I want to perform geoip lookups of my data in spark. To do that I'm using MaxMind's geoIP database.

What I want to do is to initialize a geoip database object once on each partition, and later use that to lookup the city related to an IP address.

Does spark have an initialization phase for each node, or should I instead check whether an instance variable is undefined, and if so, initialize it before continuing?

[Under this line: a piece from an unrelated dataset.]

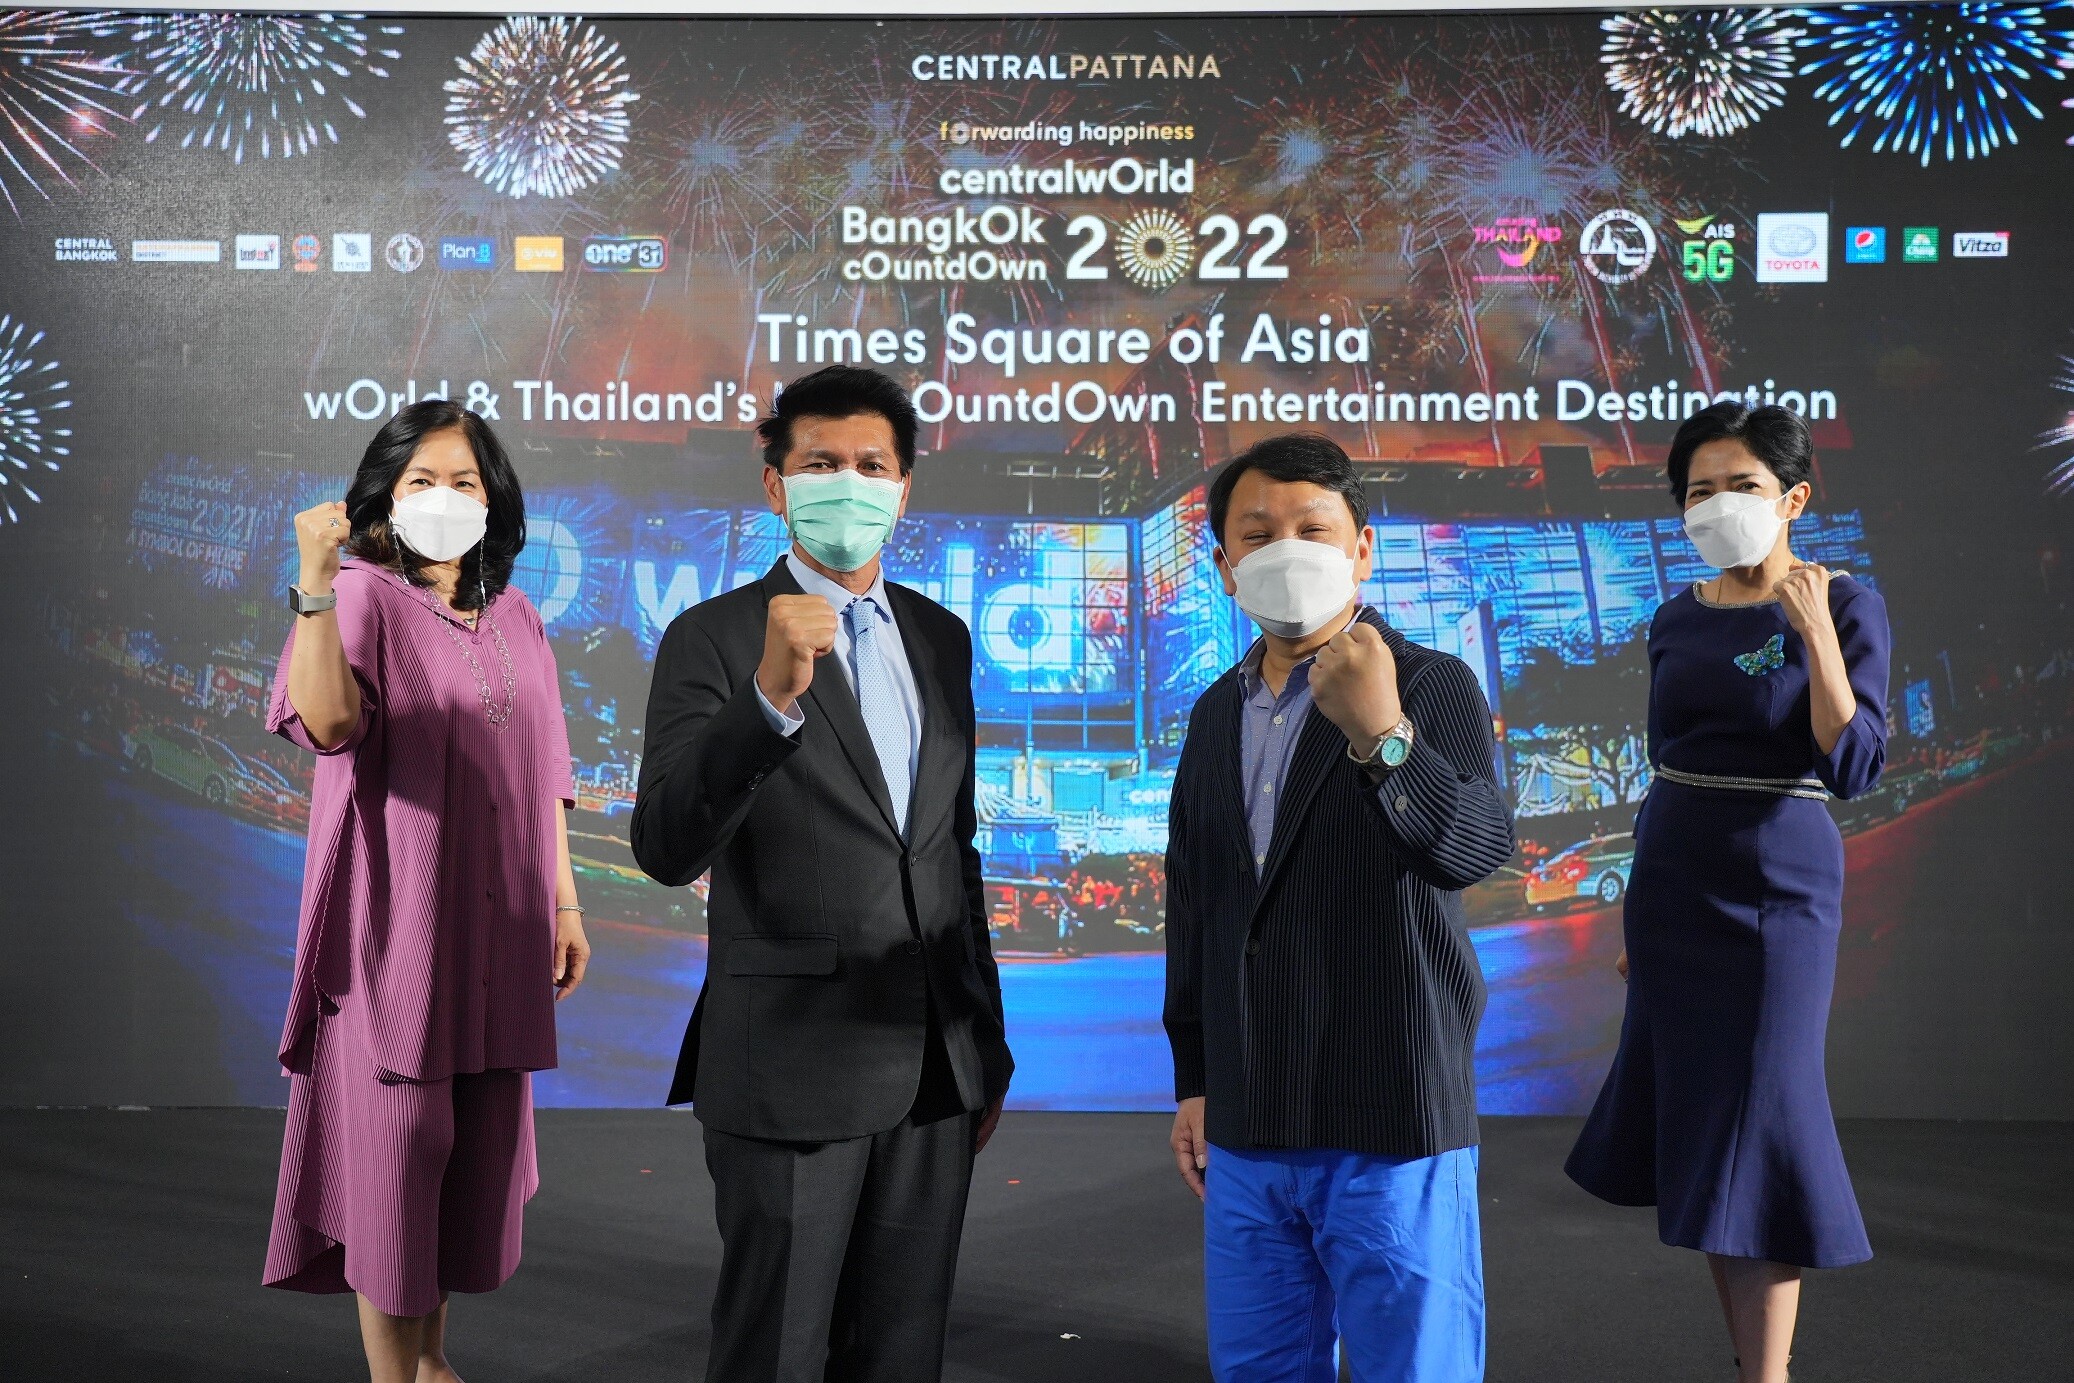 กระหึ่มระดับโลก เซ็นทรัลเวิลด์ Times Square of Asia ทุ่มงบ 100 ล้าน เตรียมฉลองเอ็นเตอร์เทนเมนต์เคาท์ดาวน์ที่ดีที่สุดตลอดกาลของไทย ในงาน "centralwOrld bangkOk cOuntdOwn 2022" ย้ำคุมเข้ม สะอาด มั่นใจ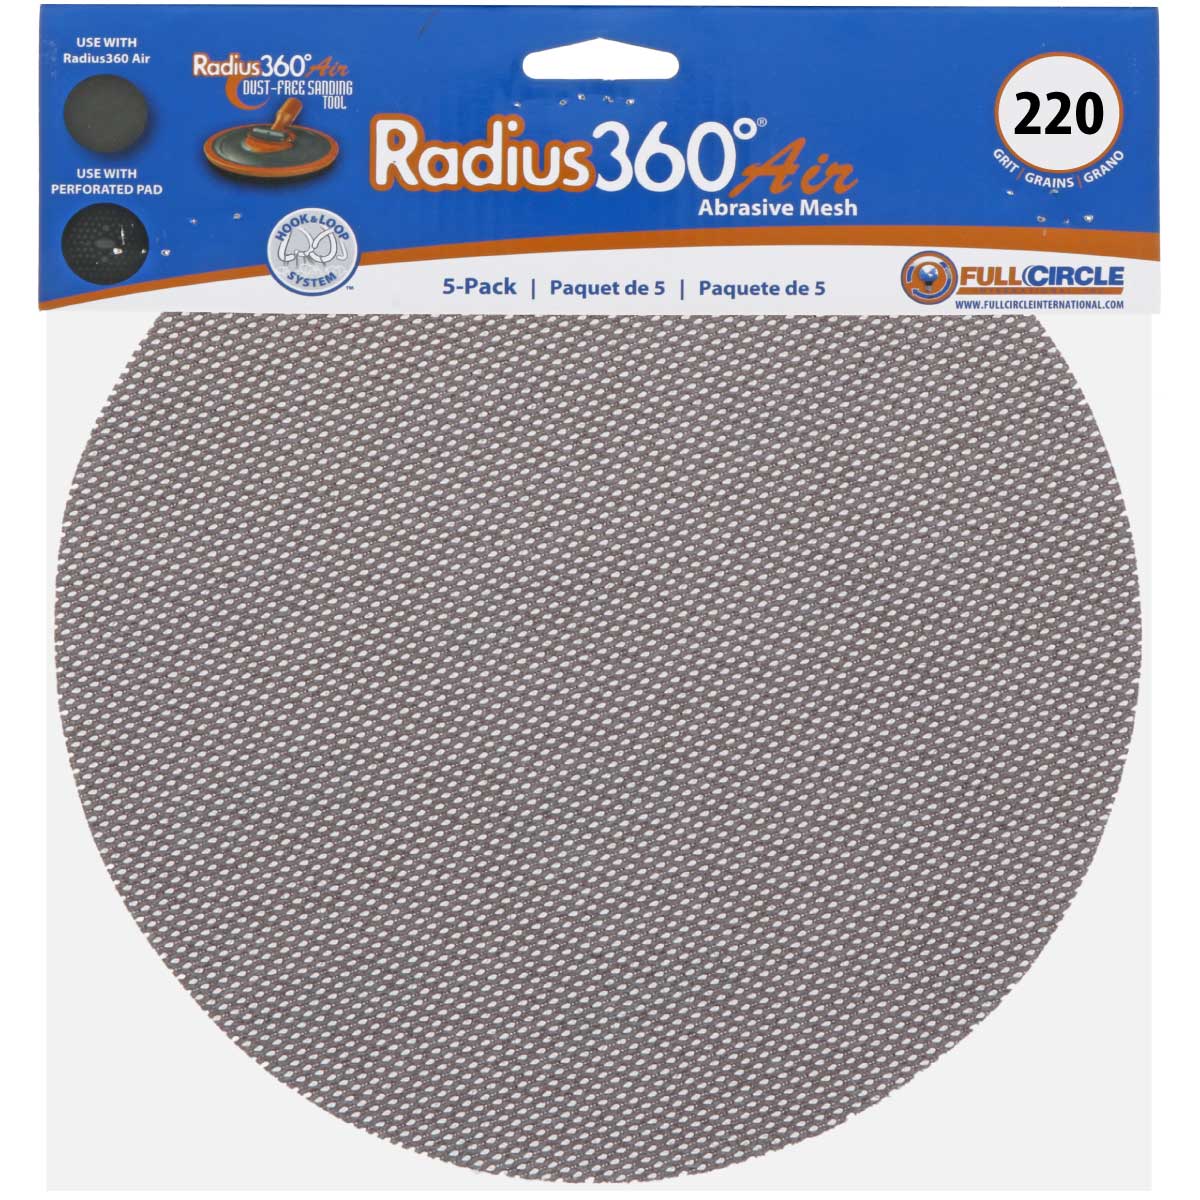 Radius 360 Mesh Abrasive 220

E.g. something like (this is python but I want a scala solution):

class IPLookup(object):
    database = None

    def getCity(self, ip):
      if not database:
        self.database = self.initialise(geoipPath)
  ...

Of course, doing this requires spark will serialise the whole object, something which the docs caution against.

maasg
  • 37,100
  • 11
  • 88
  • 115
jbrown
  • 7,518
  • 16
  • 69
  • 117

3 Answers3

6

In Spark, per partition operations can be do using :

def mapPartitions[U](f: (Iterator[T]) ⇒ Iterator[U], preservesPartitioning: Boolean = false)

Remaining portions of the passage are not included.